(ASSIGNED TASK): Take the lines from the one with "Media: Textile" through the end of the material below and repeat them exactly, dropping every picture.
++++ SOURCE MATERIAL ++++
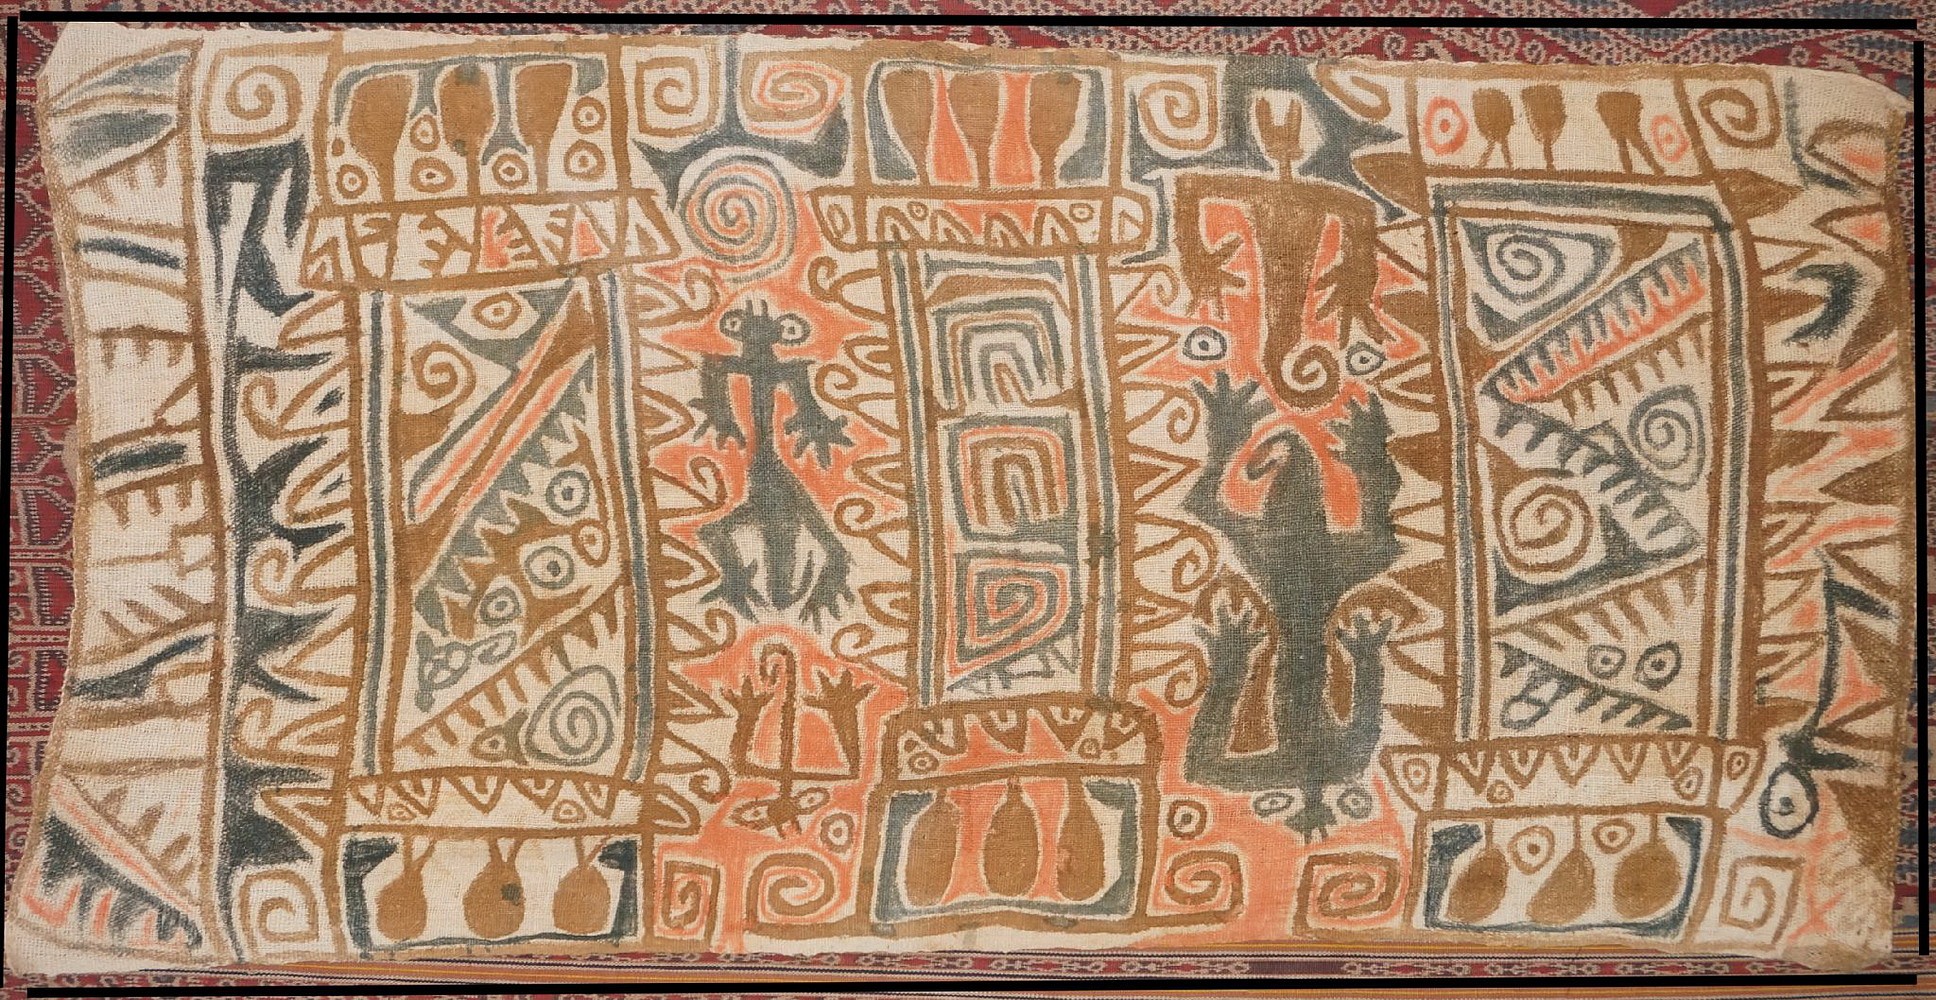 Peru, Chancay Painted Cotton Panel with Four Abstract Figures and Symbols
The cotton panel is painted in blue, tan and orange.  The drawing can be interpreted as 3 woven panels or tunics with fringes, each decorated with different abstract designs.  On each side of the central panel are two abstract creatures with curly tails on an orange ground.
Media: Textile
Dimensions: Length: 46" x Width: 23"
$7,500
n6056h
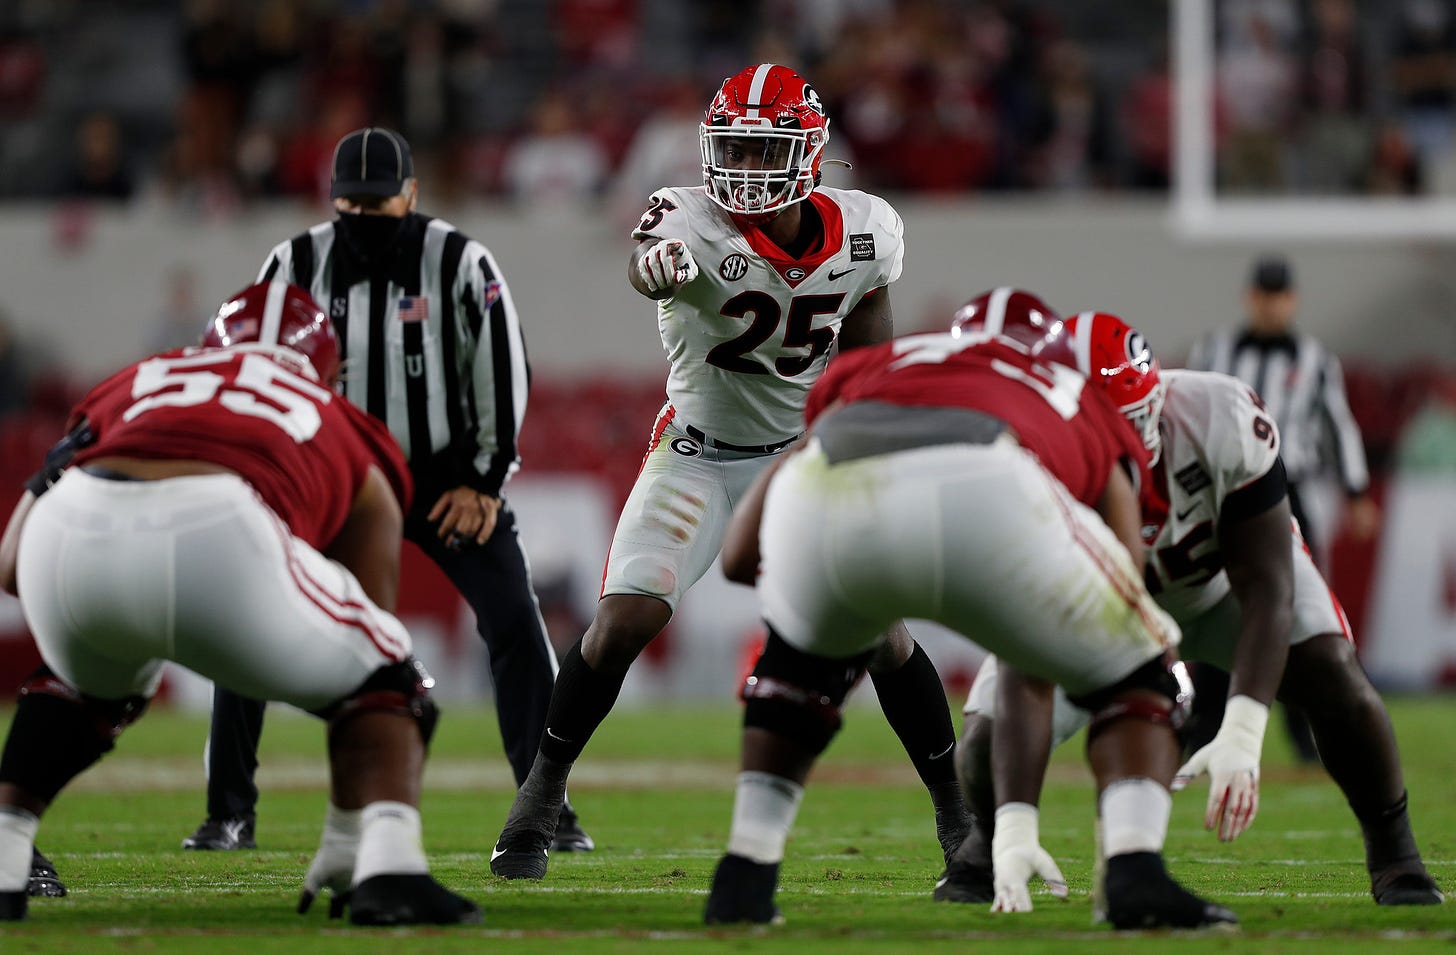 Georgia inside linebacker Quay Walker (25) during the Bulldogs' game with Alabama in Tuscaloosa, Ala., on Saturday, Oct. 17, 2020. (Photo by Skylar Lien)
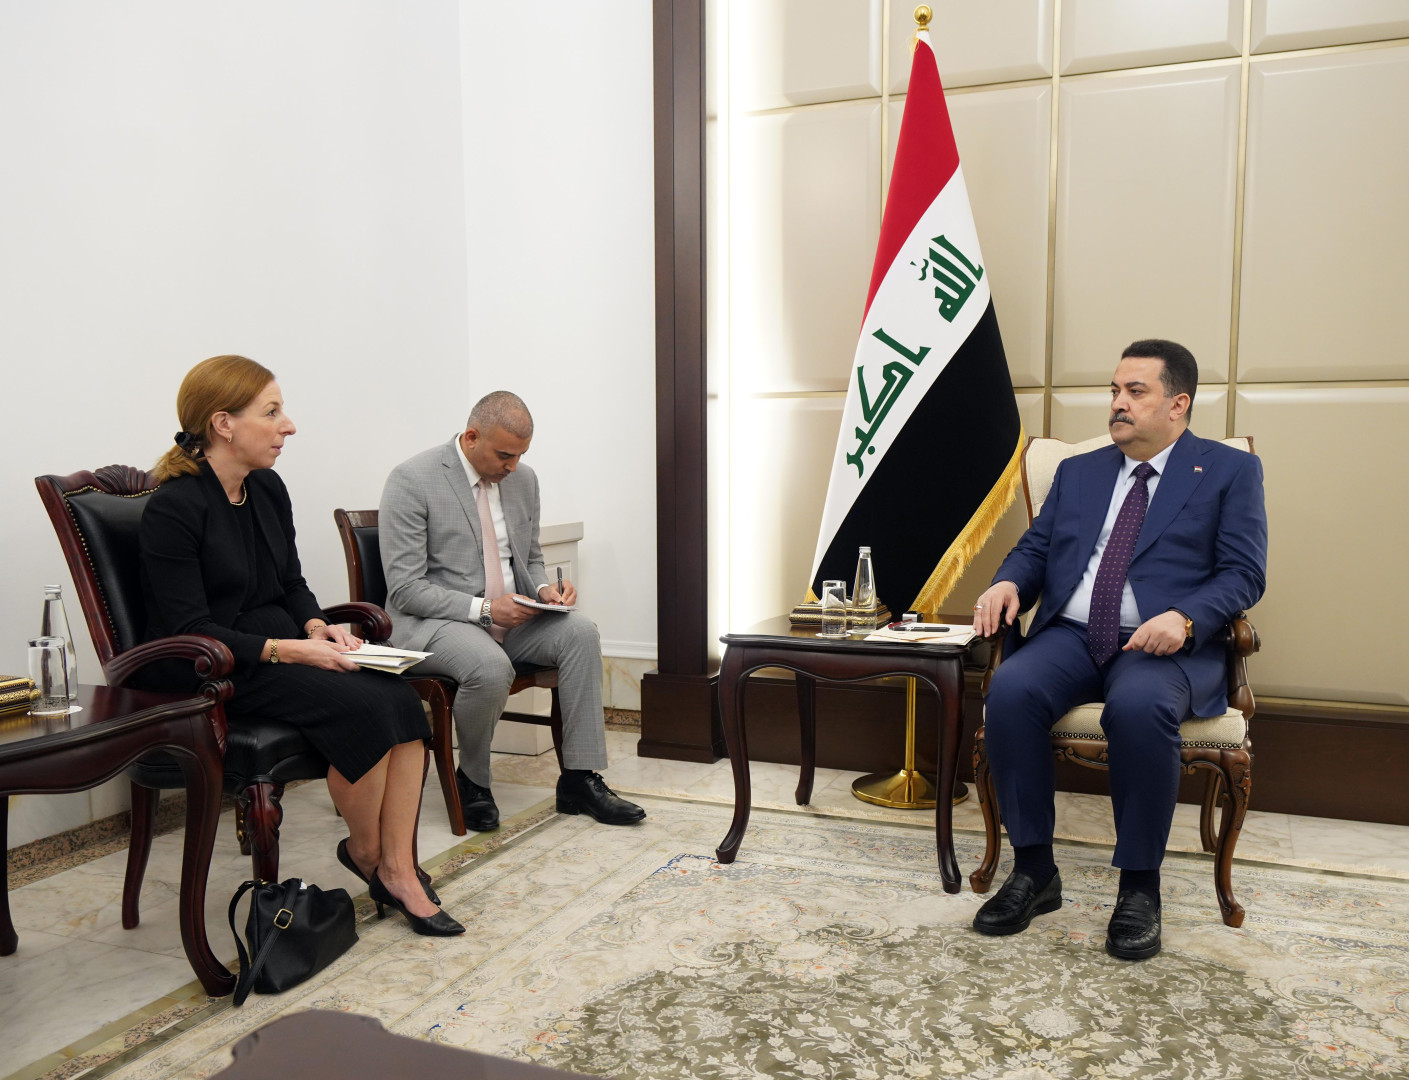 Al-Sudani commends banking sector reforms in meeting with U.S. official
++++
(ANSWER TO THE EXERCISE):
Media: Textile
Dimensions: Length: 46" x Width: 23"
$7,500
n6056h
 Georgia inside linebacker Quay Walker (25) during the Bulldogs' game with Alabama in Tuscaloosa, Ala., on Saturday, Oct. 17, 2020. (Photo by Skylar Lien)
 Al-Sudani commends banking sector reforms in meeting with U.S. official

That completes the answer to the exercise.